Отряхнув ладони, он побежал домой. У него свалилась туфля, он на бегу вбивал пятку, поднимая задник, и торопился, чувствуя, как стучит сердце.
В коридоре находились папа с мамой и разговаривали с Зубинским.
- Я повторяю, - вежливо говорил Зубинский, - вопрос решен окончательно.
- Но ведь это вопрос нашей судьбы! - тихо ответила мама и удивительно большими глазами посмотрела на Зубинского.
- Сожалею. И понимаю, что все это в высшей степени некультурно. Но что я могу сделать? Положение на фронтах такое, что можно ожидать, простите, черт знает чего! Я исполняю приказание. Послезавтра дом должен быть свободен от жильцов. Он уже числится за военными властями. Прошу вас, передайте гражданину Дорогомилову, что это бесповоротно.
Зубинский шаркнул, надел фуражку, взял под козырек.
И снова, второй раз, Алеша услышал, как припечатывали по ступенькам его жесткие подошвы.
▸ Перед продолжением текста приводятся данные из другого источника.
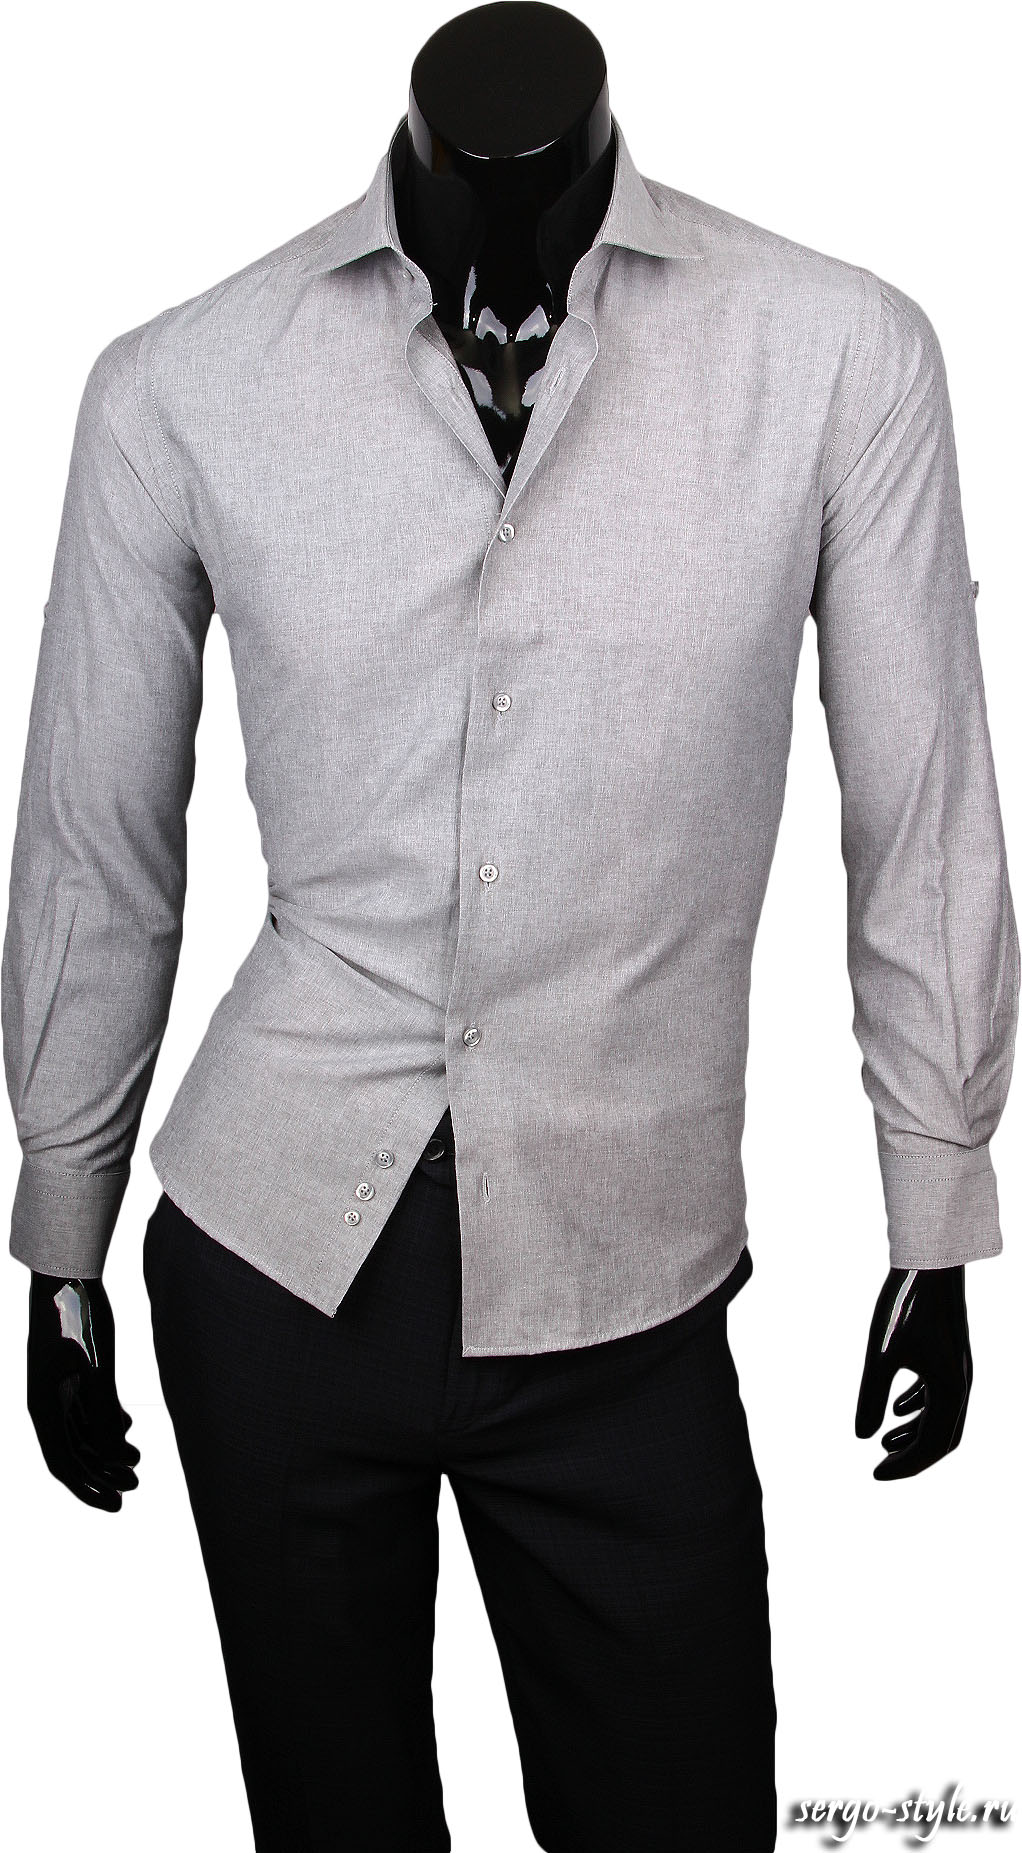 Рубашка Paolo Bertolucci приталенная цвет серый однотонный купить в Москве недорого

Папа молча ушел из коридора в комнату. Алеша, подкравшись к двери, затаил дыхание. Еще стучало сердце после бега. Еще не исчез испуг. Последнее - бесповоротное - слово Зубинского не угасло, как удар колокола, а разгоралось, как приближение несущегося паровоза. Вот паровоз мчится по улице. Вот он влетел в сад и мнет деревья. Вот ворвался в дом и валит в коридоре, без разбора, превосходные, милые вещи Арсения Романовича. Вот сейчас провалится от его тяжести пол под ногами Алеши!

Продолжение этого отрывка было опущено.